Ministry of finance officials did not immediately respond to calls seeking comment about the group’s report.
Jamaica’s economy has sputtered for decades. The island’s economy grew by 1.5 percent last year after three years of negative growth rates, but the economy still remains below its 2008 level of GDP, the group said.
Overall, Jamaica’s debt was about 130 percent of gross domestic product last year.
Jamaican analysts say that much of the island’s public debt was derived from bad bank loans that the government absorbed to resolve a mid-1990s crisis when dozens of banks failed amid a spree of lending.

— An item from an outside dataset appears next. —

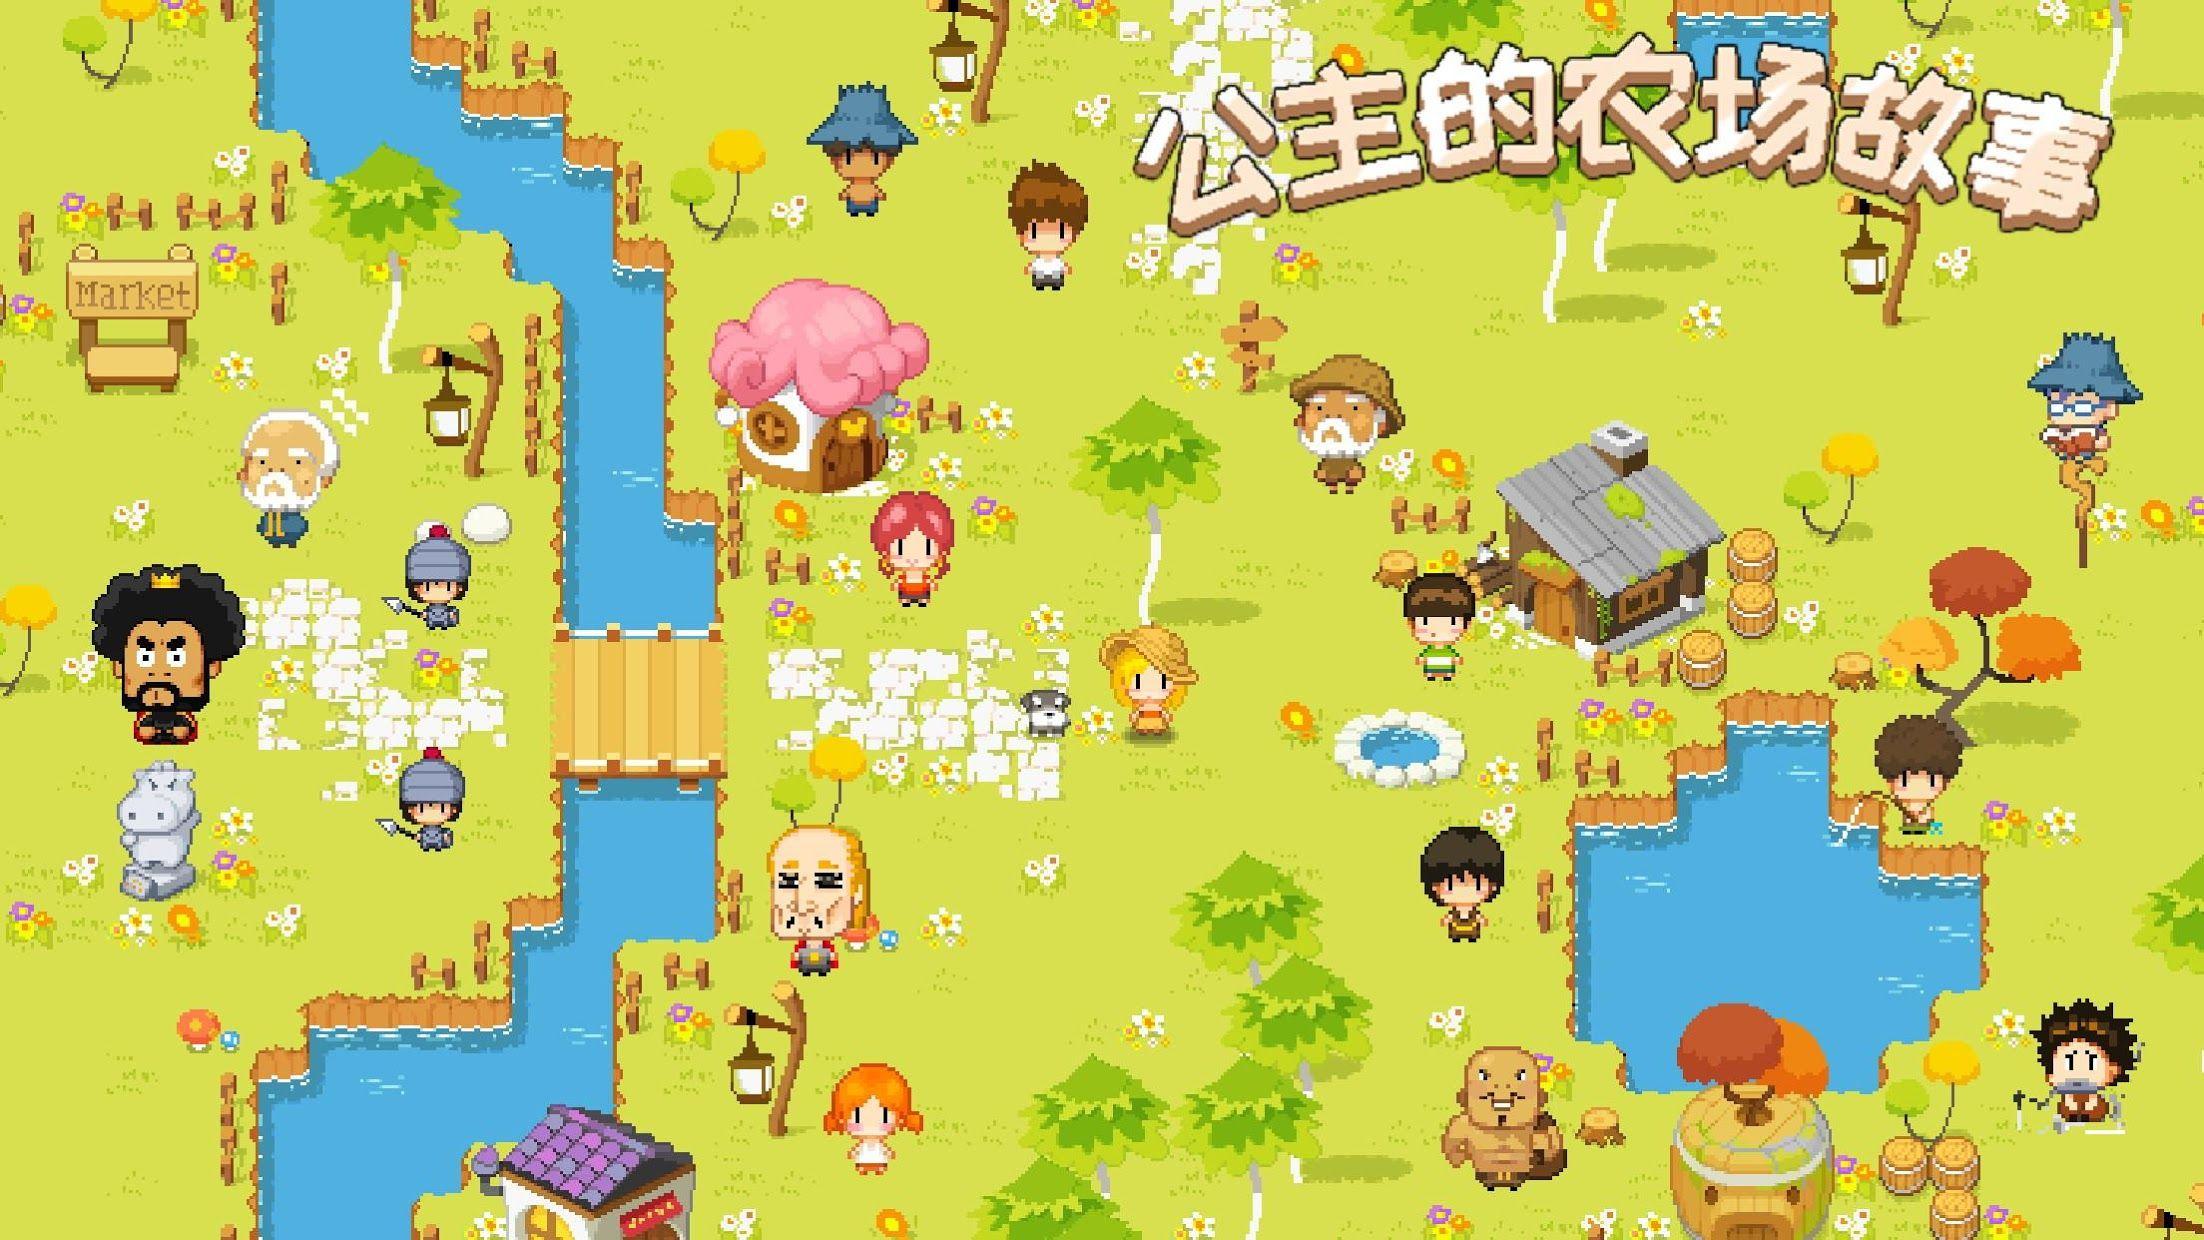 公主的农场故事 游戏截图1
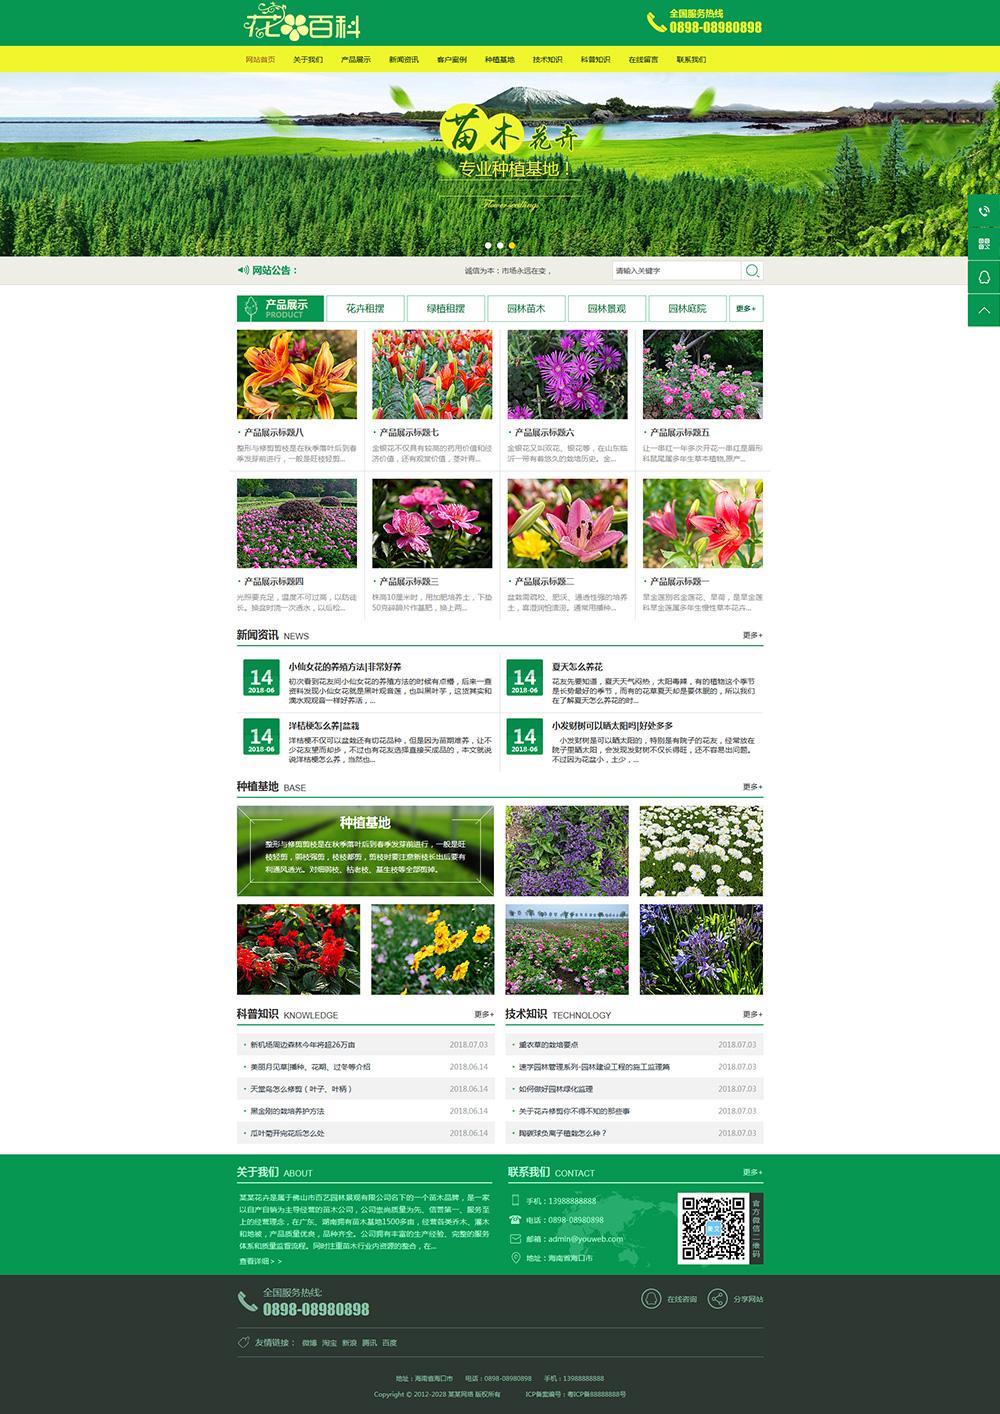 农业林业类企业花卉园艺种植采摘类网站模板

By 2010, Jamaica’s towering debt and the damaging impact of the global recession forced the government to again seek assistance from the International Monetary Fund. It helped the government carry out a domestic debt restructuring and provided $1.27 billion in a standby loan. It also unlocked funding from other global lending groups.
But the Center for Economic and Policy Research believes that the 2010 domestic debt restructuring program did little to solve the underlying problem even if it did reduce interest payments in the short term.
Jamaica is currently trying to forge a new agreement with the IMF.
Weisbrot said a key sticking point between the IMF and the Jamaica government is the cap on the public sector wage bill.
“It’s clear workers have had enough of wage freezes, yet if the Jamaican government is unable to ensure more accommodating policy conditions from the IMF, the likelihood of further wage freezes or layoffs is definitely a possibility,” said Weisbrot.
But he believes such measures would only further weaken the economy.
The island’s last agreement with the IMF stalled last year under the previous Jamaica Labor Party-led government.